§ What you are asked to do: Copy out the entire listing below exactly, but without its pictures.

§ Dataset excerpt:
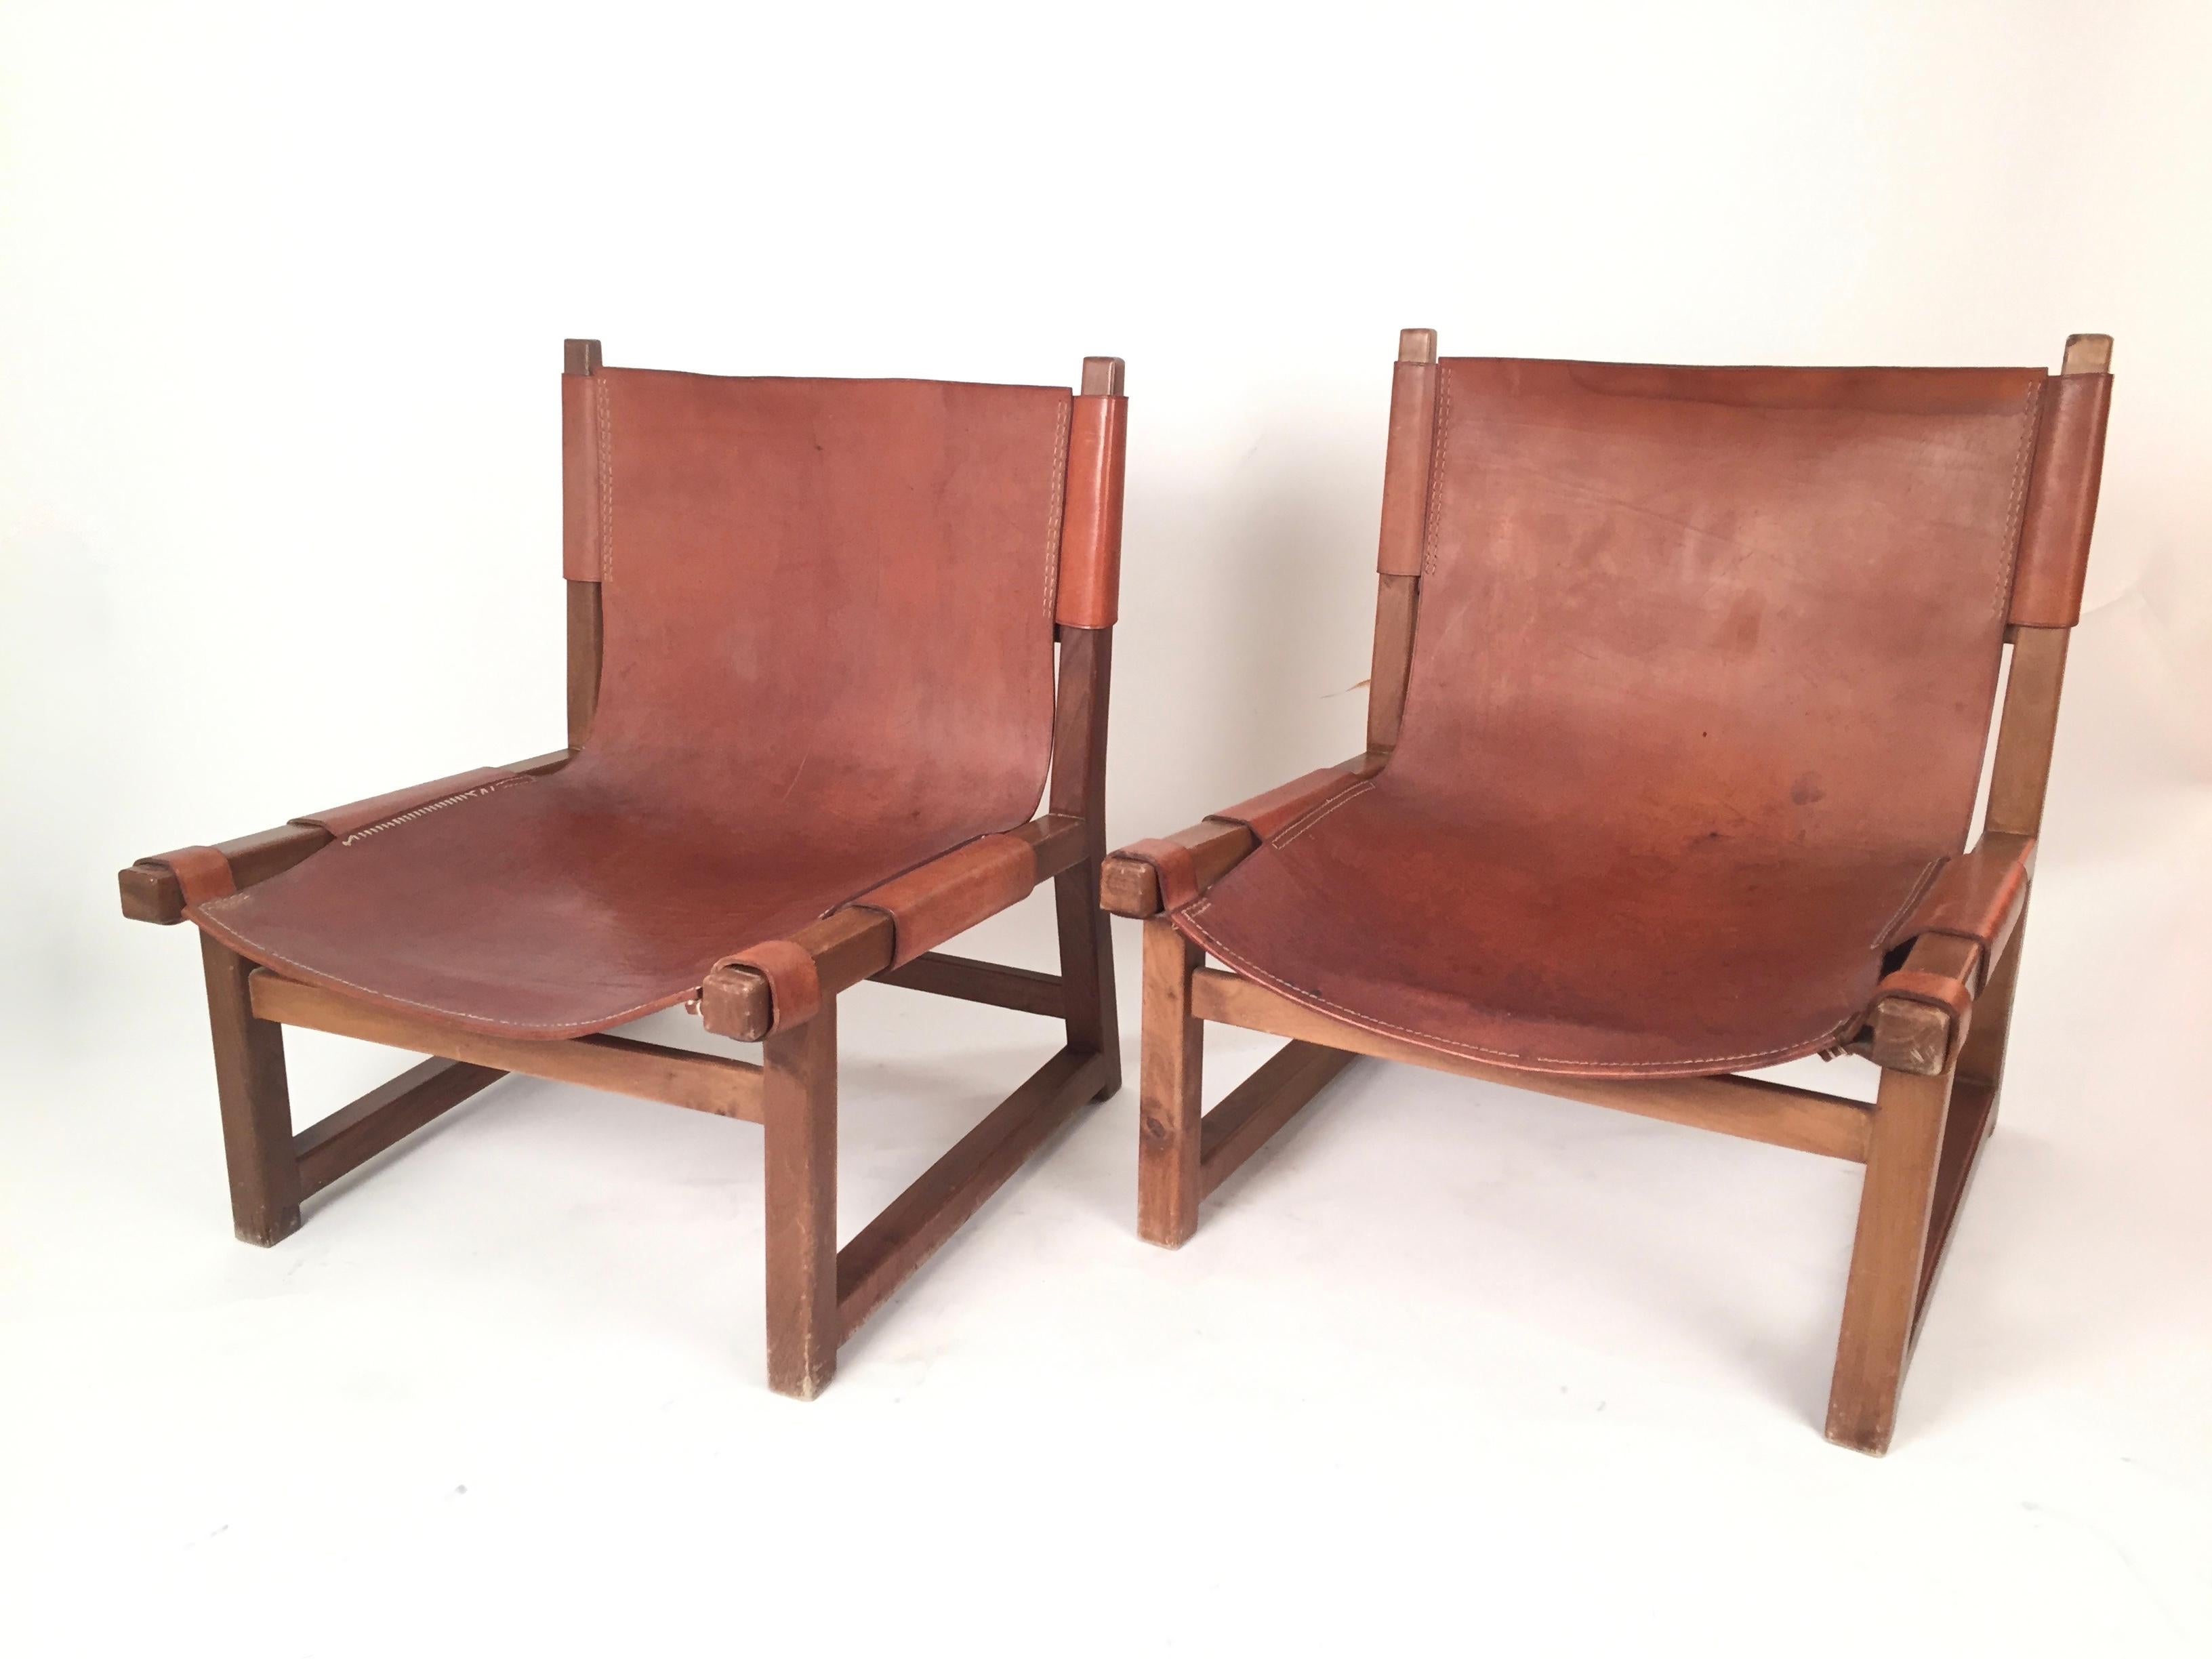 A pair of hunting lodge chairs designed for the Madrid Campo Club by the Spanish designer ,Paco Muñoz and edited by f Darro in 1960.
An exclusive example of Spanish Mid-Century design.
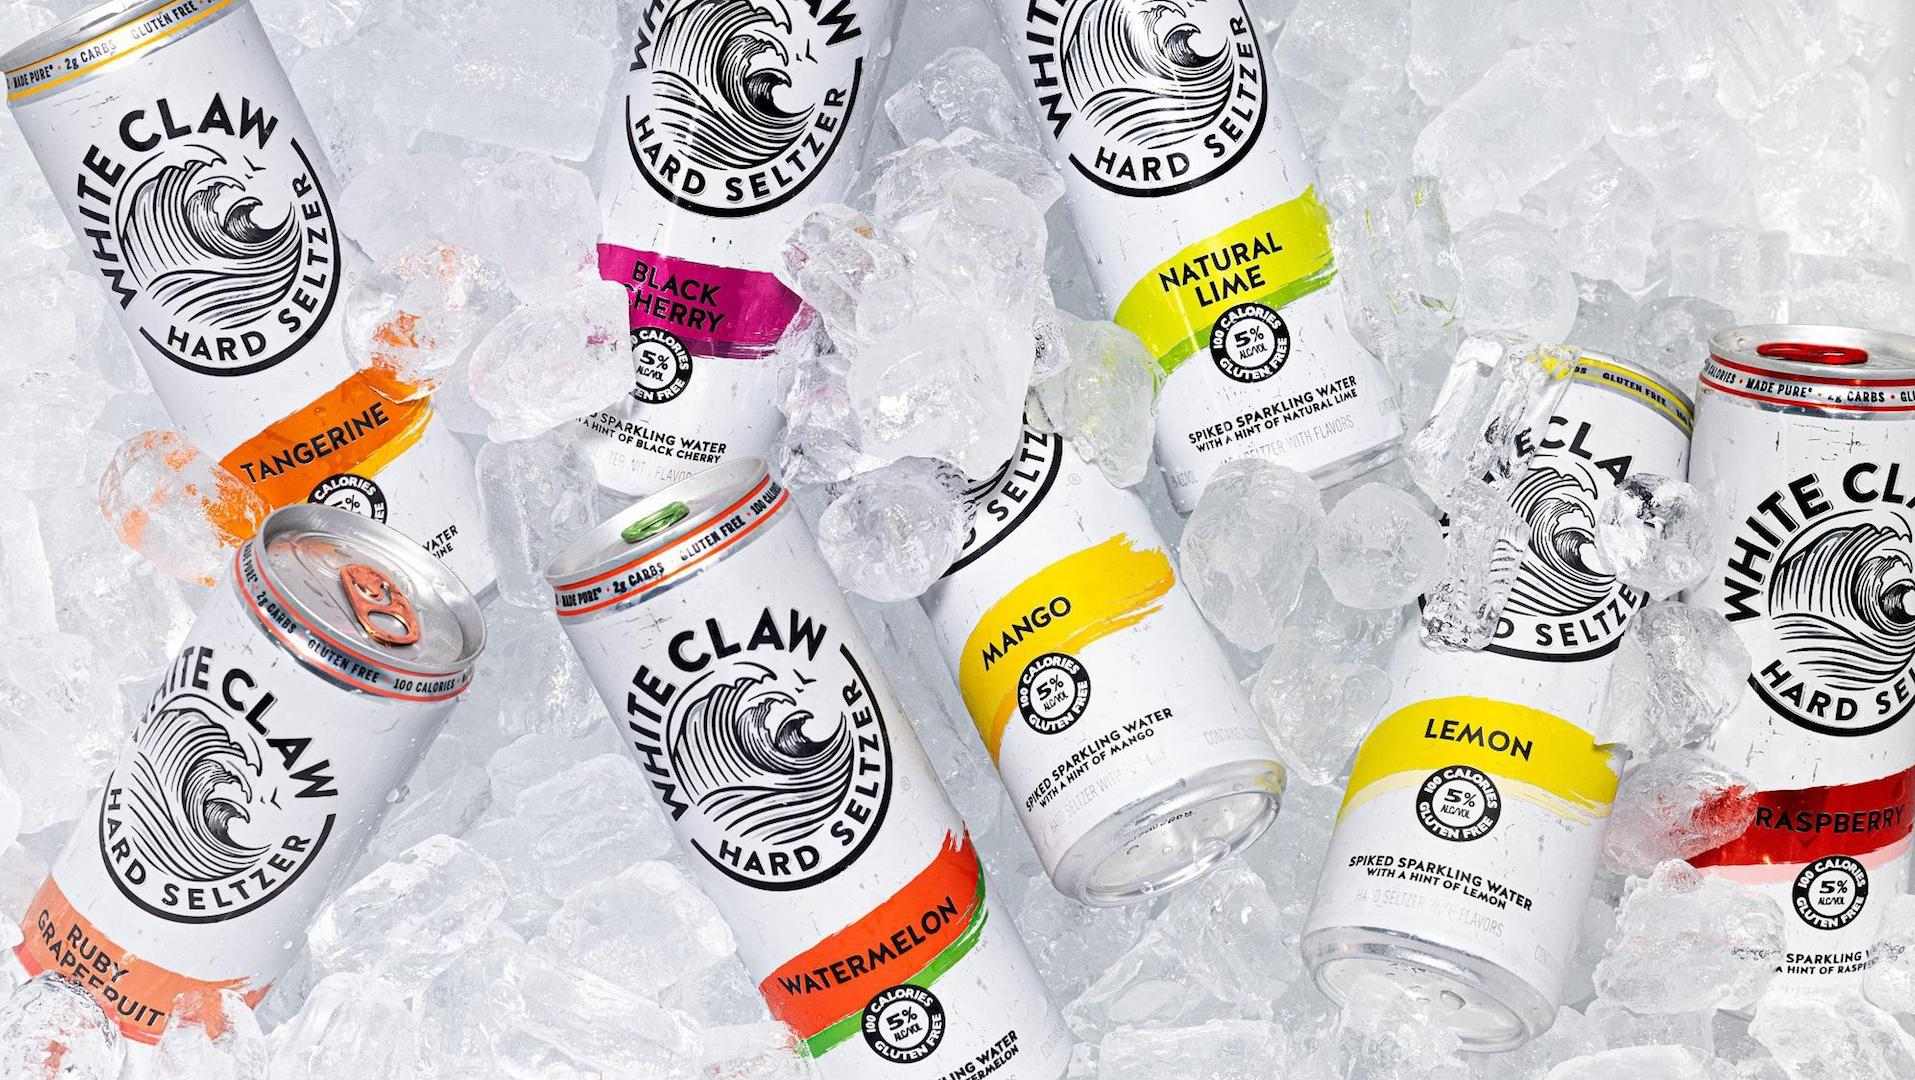 White Claw Is Launching Down Under in 2020 So Get Ready for a Summer of Hard Seltzers

§ Written response:
 A pair of hunting lodge chairs designed for the Madrid Campo Club by the Spanish designer ,Paco Muñoz and edited by f Darro in 1960.
An exclusive example of Spanish Mid-Century design.
 White Claw Is Launching Down Under in 2020 So Get Ready for a Summer of Hard Seltzers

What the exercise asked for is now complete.